With the Right to Education coming into force in 2010, Education was made a fundamental right in the country. While it drastically improved the enrollment ratio in schools, it remained silent on the quality of education that the child deserves.
The result? According to the 10th Annual Status of Education Report (ASER), about 1/4th of the class eight students in India can’t read the text meant for class 2nd. Reports like these underline the fact that national literacy rate of 74% is just eyewash.

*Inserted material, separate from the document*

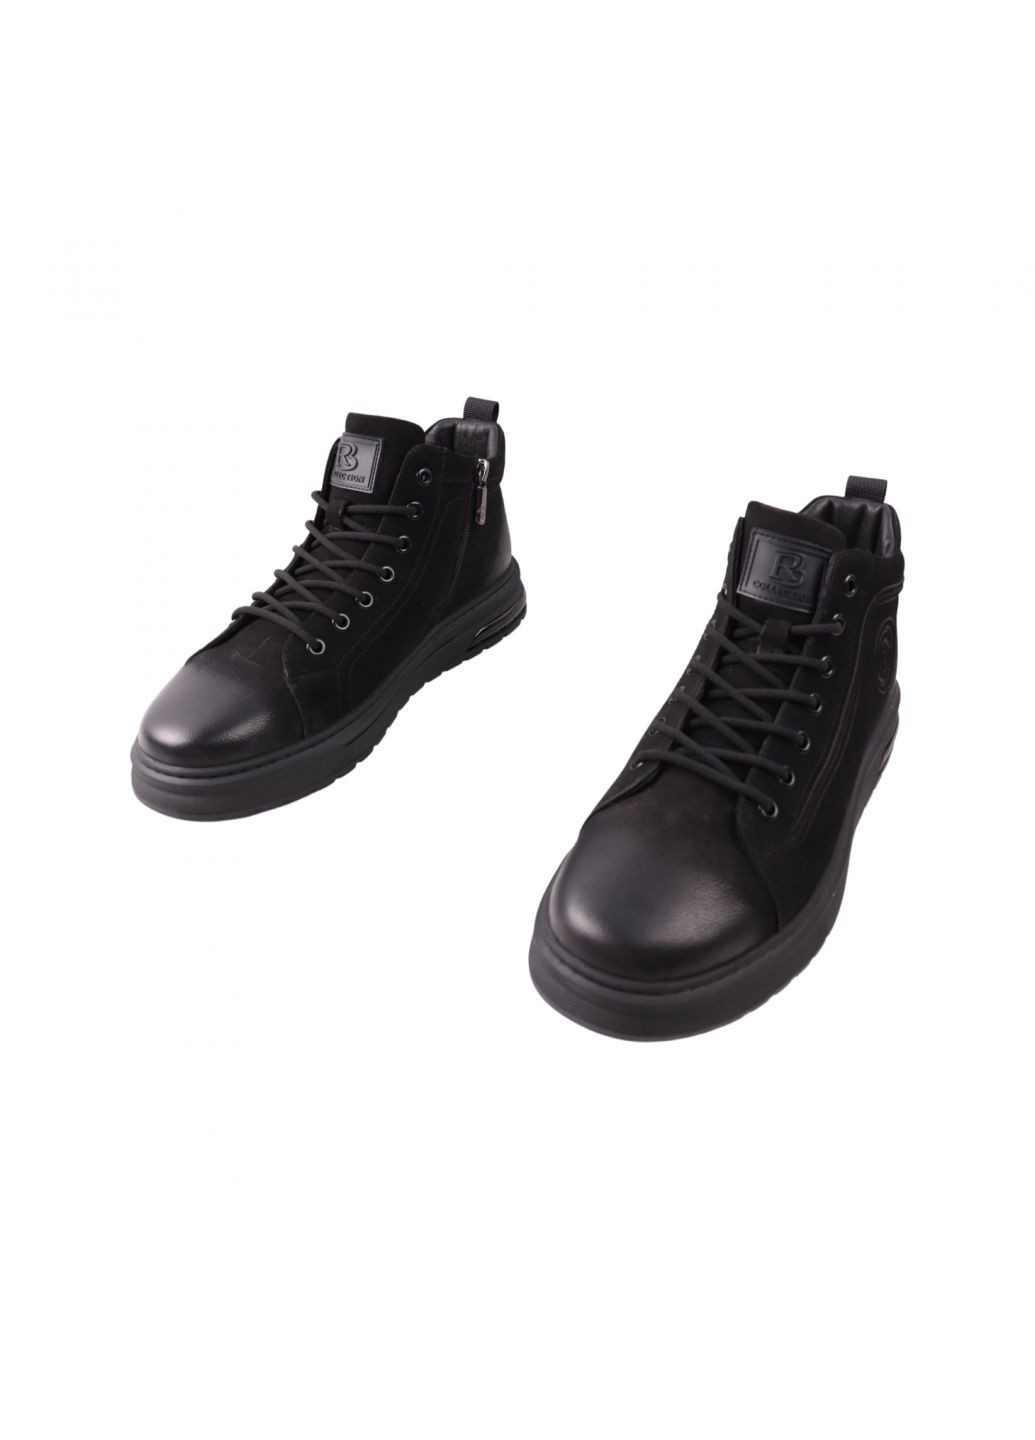 Черные ботинки мужские черные натуральный нубук Berisstini
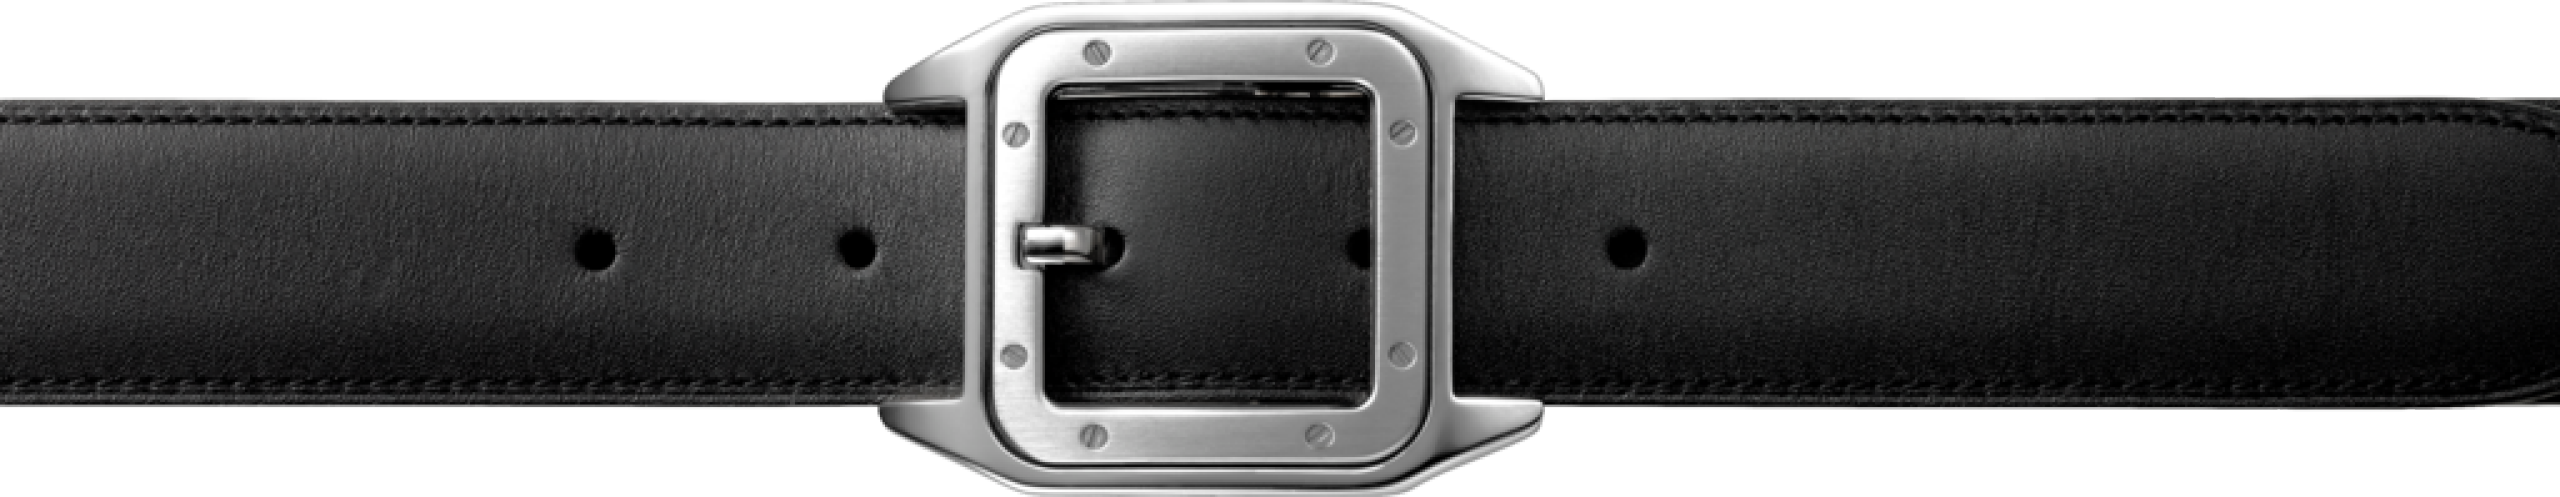 Belt Png Image - Belt, Transparent background PNG HD thumbnail

Nowhere is the division between India and Bharat more evident than in our education system. A multitude of problems have been plaguing our education system for quite a while. The first and foremost is the lack of funds when it comes to government-run schools. While the private schools get a shot in the arm by raising enough finances through sky-high fees, the government schools are at the mercy of the budgets allocated by the government. Not only can the government slash the budgets anytime (like Jaitely did this year), only a fraction of the total allotted sum reaches the ground. Nothing else can justify classrooms where kids sit on the floor due to lack of chairs and no lectures taking place in the rainy season since the classroom has no roof. For long, government schools have been regarded as the dumping ground for the kids who couldn’t afford anything better.
Another factor that has further aggravated the problem is our affinity towards the English medium private schools. Realizing the financial potential of the idea of opening a private English medium school in small areas, a number of such schools have mushroomed in our villages over the past decade or so. The parents, who are usually poor farmers in such cases, willing to give their child the best possible education, admit them to these schools. And thus begins the erosion of their savings. Most of these private schools pay a meager salary to their teachers (Rs 500-1500 per month) since their solitary aim is to fill their own purses. It is impossible to imagine any learned teacher working for such a sum. With the parents themselves being too uneducated to check their kids’ progress, they continue paying the fee from their hard earned money, under the delusion that their kid is learning.
But if teacher’s salary determines his dedication towards his students, why is the standard of teaching so dismal in government school? While the government schools pay their teachers a healthy salary, they do not impose any accountability on the teachers. Unlike the teachers in the private schools, the teachers at government schools have a permanent job with almost no chance of being ousted (unless they create a major blunder). There are hardly any checks on whether the teachers are actually teaching in the classroom or whether the syllabus is covered in the allotted time period or not. And for those who give their best inside the classroom, the rewards are few, in any. The promotions are arbitrary and majorly based on your tenure and your connections. Their performance inside their classroom is seldom appreciated by anyone. All these things are no secret, but that hasn’t forced anyone out of their slumber.
While we take utmost pride in making education a fundamental right in our country, we must accept that much more needs to be done. Imagine what if the solution to some of the world’s biggest problems lies in the mind of a kid who goes to a school where teacher never turns up! Let’s do ourselves a favor by taking care of our school system.